Elliott has now appointed four of the 13 members of the company’s board of directors, despite holding just 0.75 percent of the outstanding shares of the company, suggesting that Elliott’s slash-and-burn tactics have support from the company’s major shareholders, which mainly include mutual funds like Dodge & Cox and the Royal Bank of Canada’s asset management arm.
Mutual funds typically invest in a broad range of stocks, paying investors reliably higher dividends, and usually don’t interfere in the companies in which they invest.
While Elliott attacked Suncor’s safety record as part of its shareholder campaign, the company’s efforts to boost Suncor’s payouts to shareholders means the company has less money to invest in the workers and technology they need to resolve the air quality problems identified by the EPA.

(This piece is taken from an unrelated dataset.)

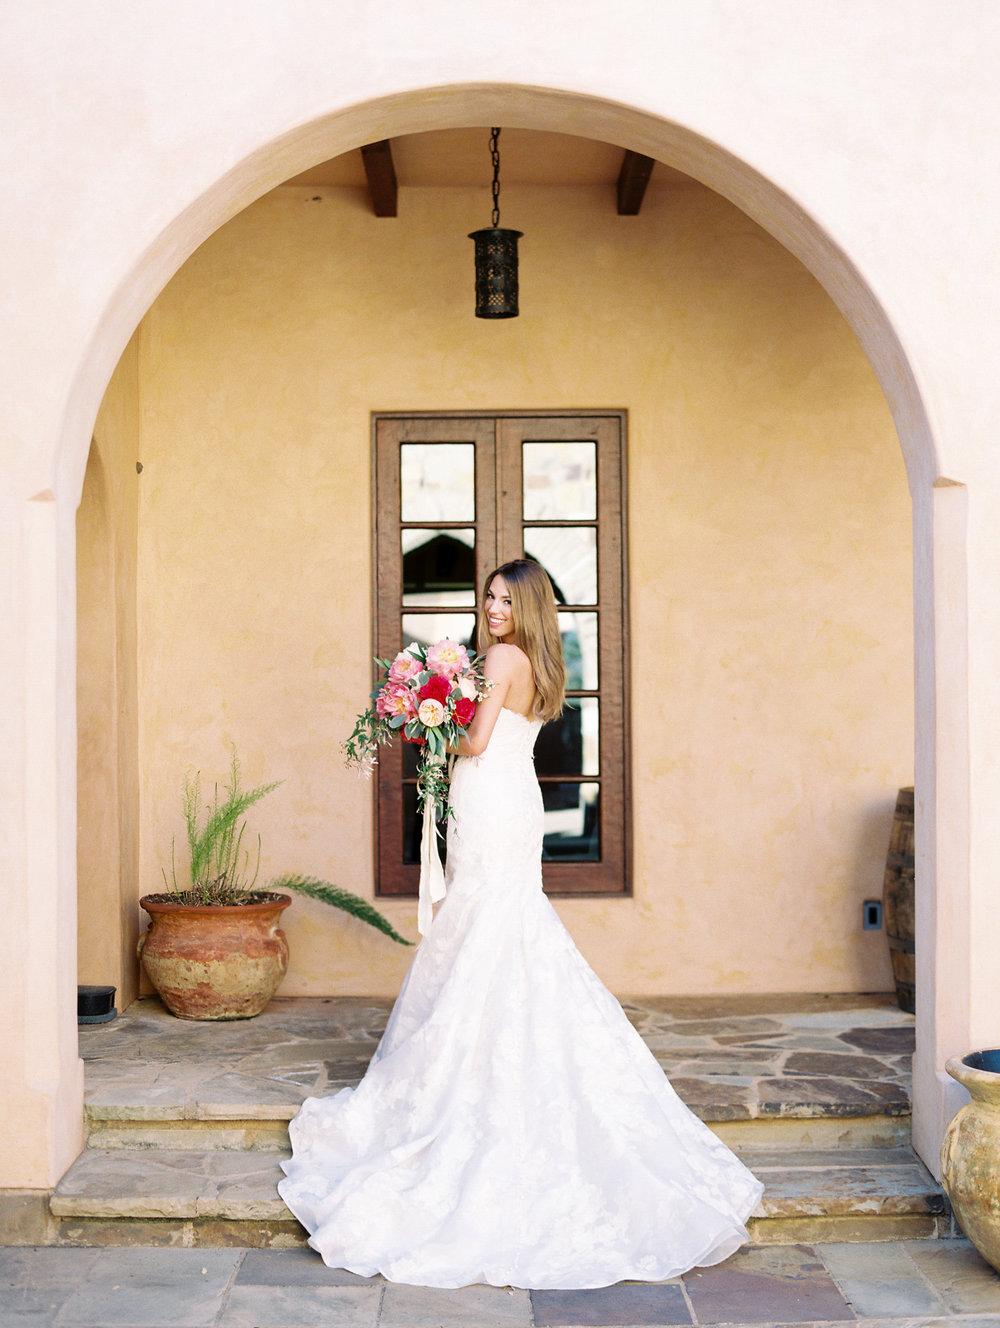 Escondido-Golf_Lake-Club-Hill-Country-Houston-Wedding-Photographer-Best-Top-Luxury-Destination-Engagements-Portrait-Austin-Photography-14.jpg

These problems appear to be part of a pattern. The EPA’s report on the consistent inadequacies at Suncor’s Commerce City refinery follows the company’s 2020 settlement with the state over more than 100 air quality violations at the facility.
In March 2020, Suncor entered into a $9 million settlement with the Colorado Department of Public Health and the Environment (CDPHE) over the refinery, the largest penalty against a single facility in state history. Of that sum, $4 million went towards fines and community projects, while $5 million was reserved for a consulting company to investigate problems at the facility.
That consultant’s report was partially used by the EPA to come to its sweeping conclusions about the safety of the Suncor refinery. According to the EPA, “from 2016-2020, Suncor had the greatest number of tail gas incidents that caused releases of excess sulfur dioxide,” compared to 11 other refineries. State permits for the Suncor refinery in Commerce City were repeatedly delayed after they expired, allowing the refinery to operate unpermitted. The EPA vetoed an initial permit from the CDPHE last March, before issuing a revised permit in September with expanded monitoring and toxic chemical release disclosure requirements.